Unnamed: 0,exper,exper_grp
0,2,1
1,22,4
2,2,1
3,44,5
4,7,2


In [176]:
df.groupby('exper_grp').wage.mean()

exper_grp
1    4.257679
2    6.037407
3    6.279038
4    7.512500
5    5.491123
Name: wage, dtype: float32

### Question

What will the following code create?

    df.groupby(['female', 'exper_grp']).wage.mean().unstack('female').round(2)

What about this?

     df.groupby(['female', 'exper_grp']).wage.describe().T

And this?

    df.female = df.female.map(
        {
            0: 'male',
            1: 'female'
        }
    )

In [177]:
df.columns

Index(['wage', 'educ', 'exper', 'tenure', 'nonwhite', 'female', 'married',
       'numdep', 'smsa', 'northcen', 'south', 'west', 'construc', 'ndurman',
       'trcommpu', 'trade', 'services', 'profserv', 'profocc', 'clerocc',
       'servocc', 'lwage', 'expersq', 'tenursq', 'exper_grp'],
      dtype='object')

### Exercise

From the dummy variables 'northcen', 'south', 'west, create a column called 'area' that has values

* 'northcen' if northcen==1
* 'south' if south==1
* 'west' if west==1
* 'northeast' if northcen==south==west==0.
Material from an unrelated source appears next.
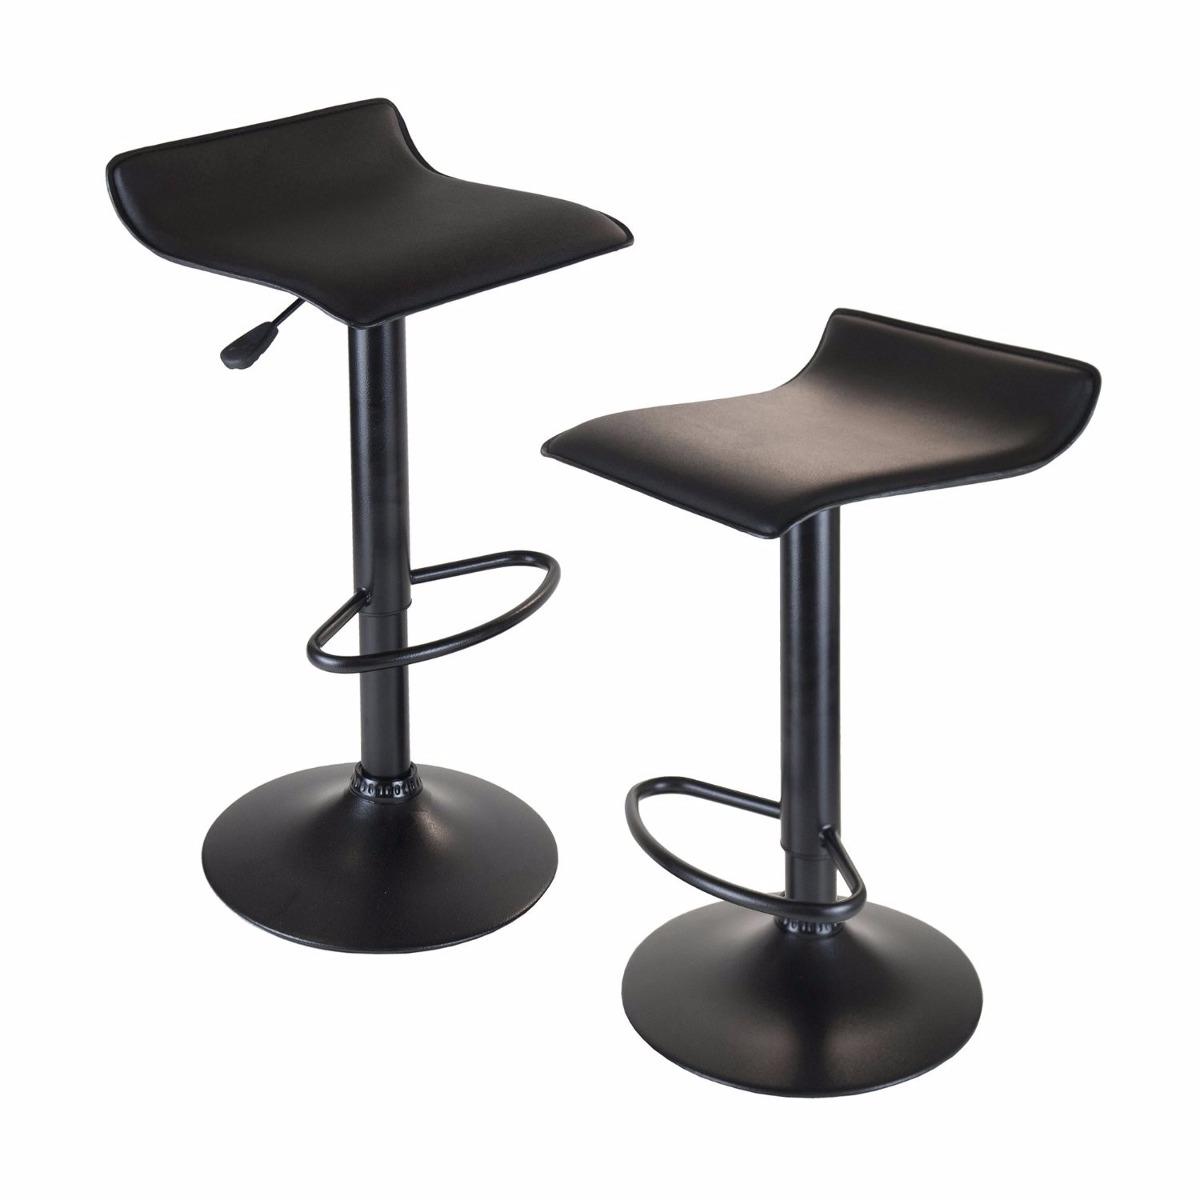 Set 2 sillas banco para cocina barra leick negro base for Sillas cocina negras
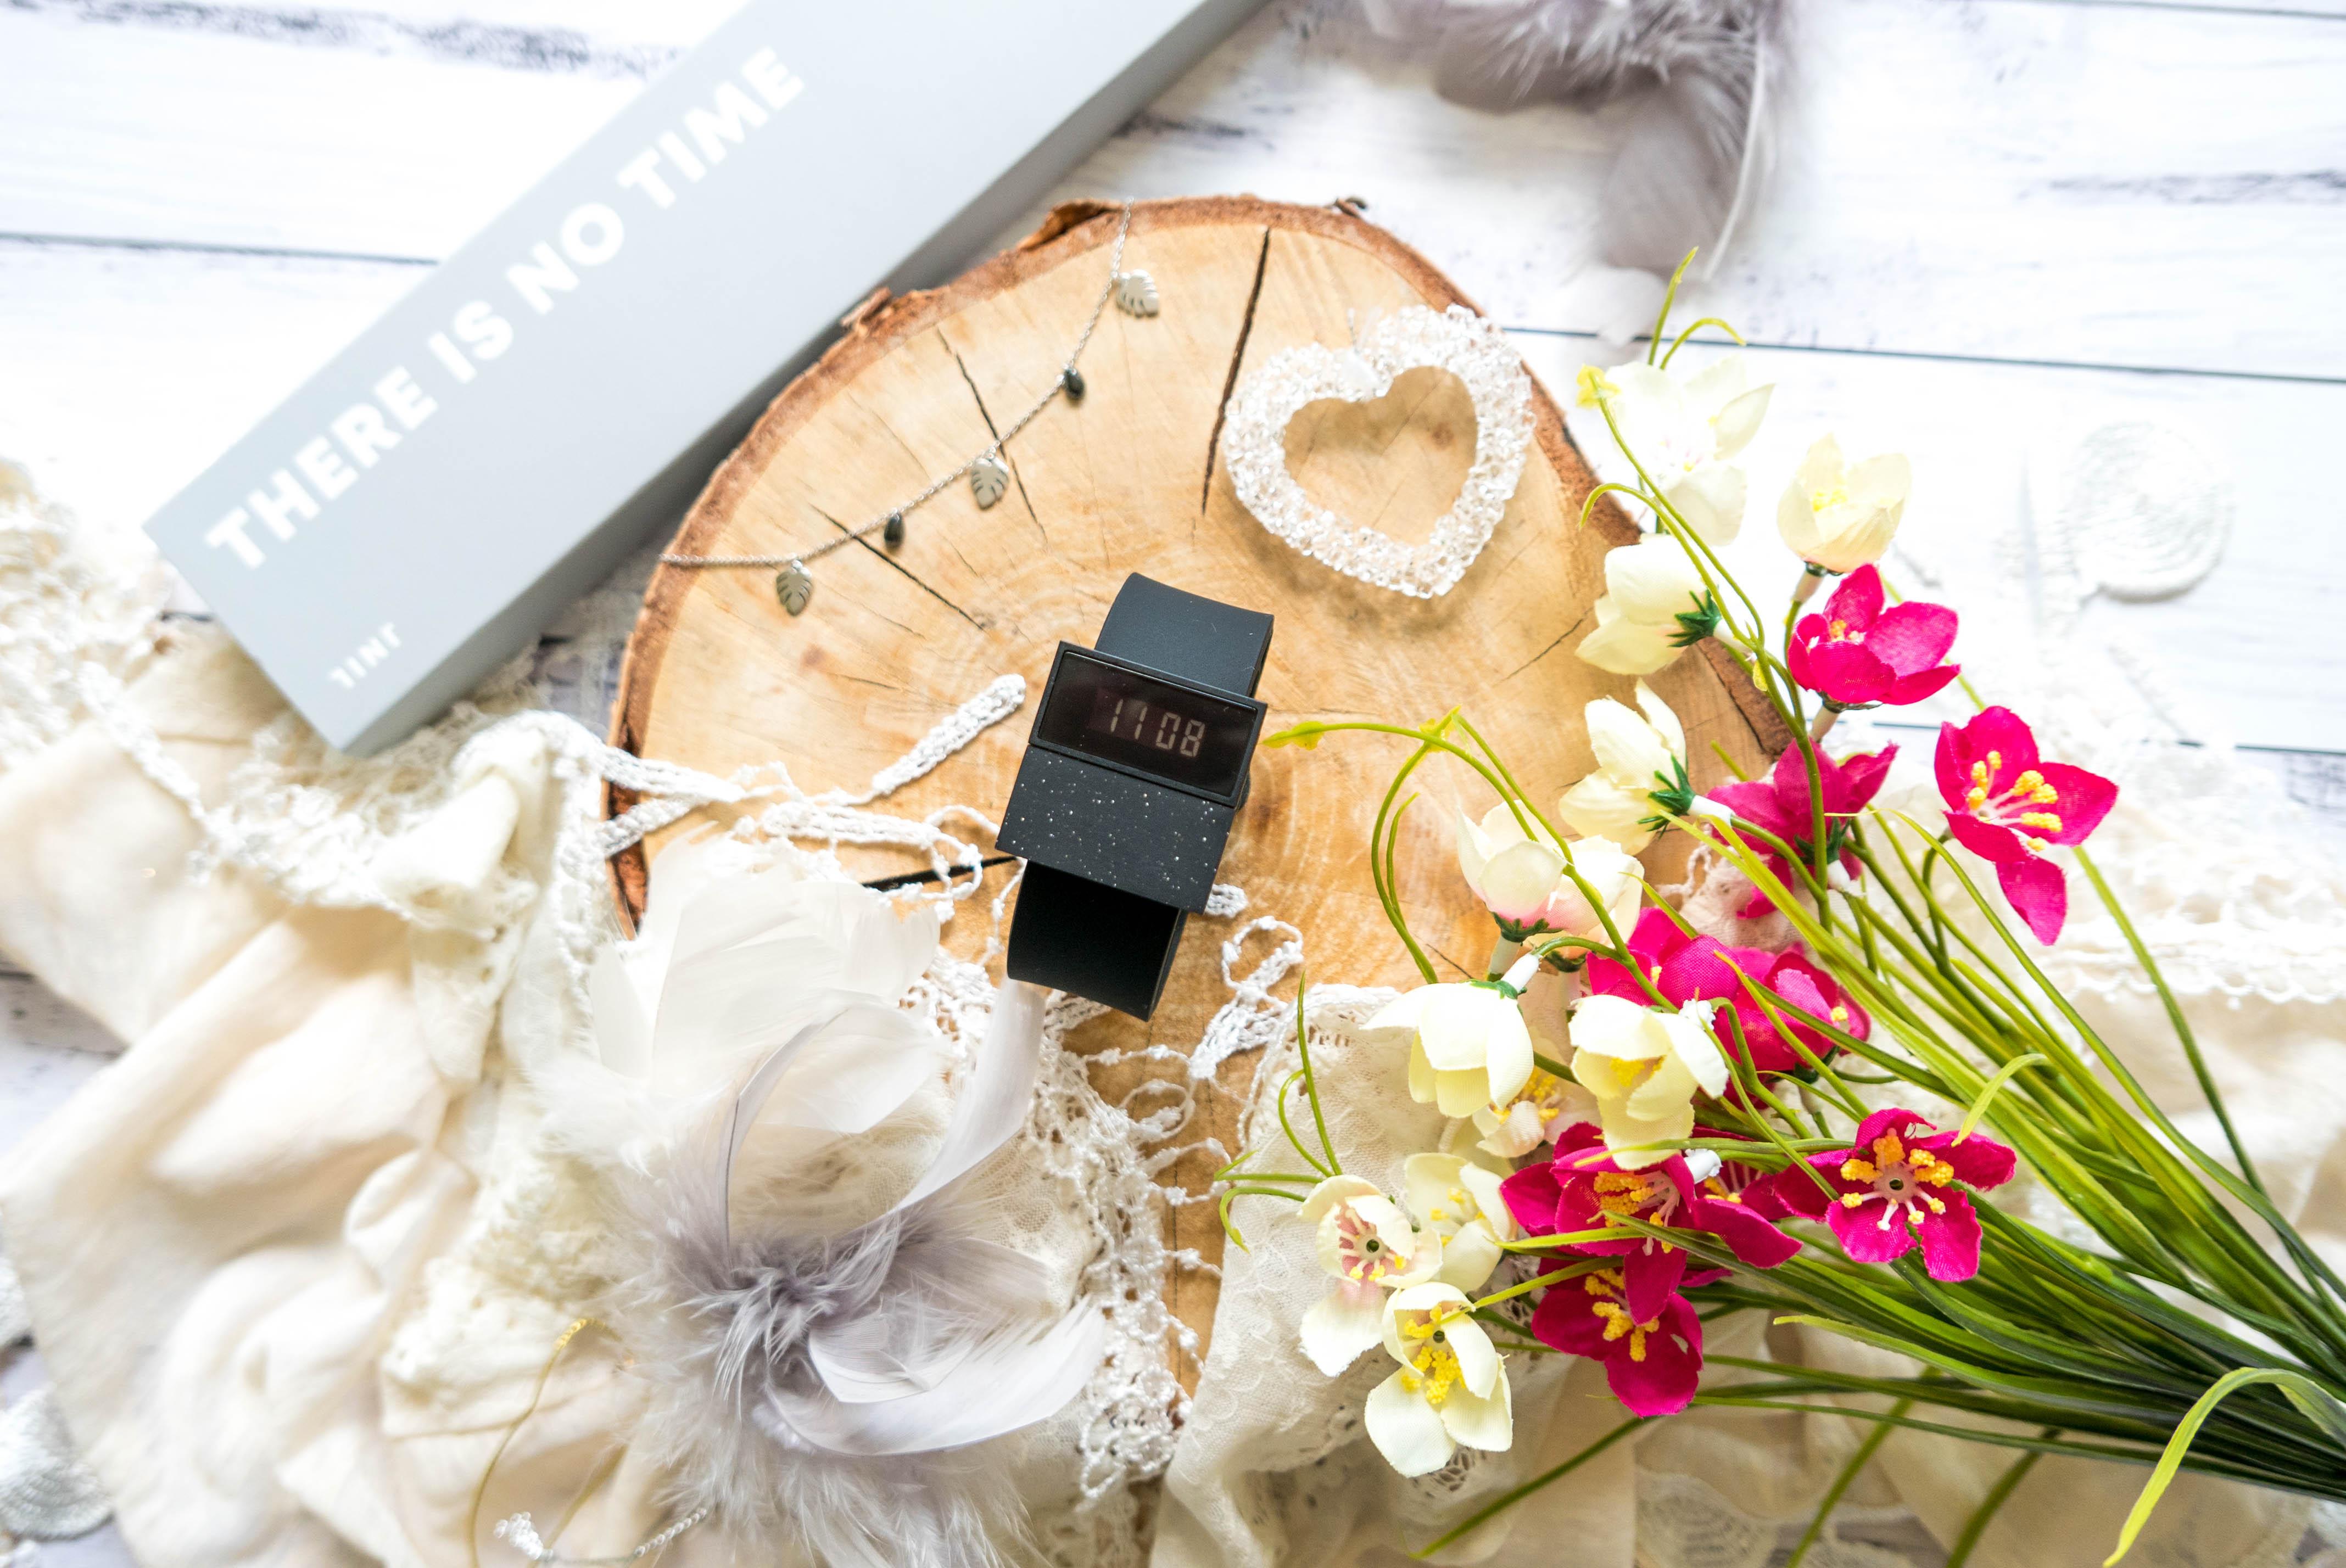 zegarek dbający o środowisko

Compute the average wage by area and white/nonwhite.

### Pandas DataReader Module

The `pandas-datareader` module provides a convenient way to fetch financial and economic data from various online sources directly into a pandas DataFrame. One of the popular sources it supports is the Federal Reserve Economic Data (FRED) provided by the Federal Reserve Bank of St. Louis.

To use `pandas-datareader`, you'll first need to install it using `pip`:

```python
!pip install pandas-datareader
```

Once installed, you can fetch data from various sources, including FRED.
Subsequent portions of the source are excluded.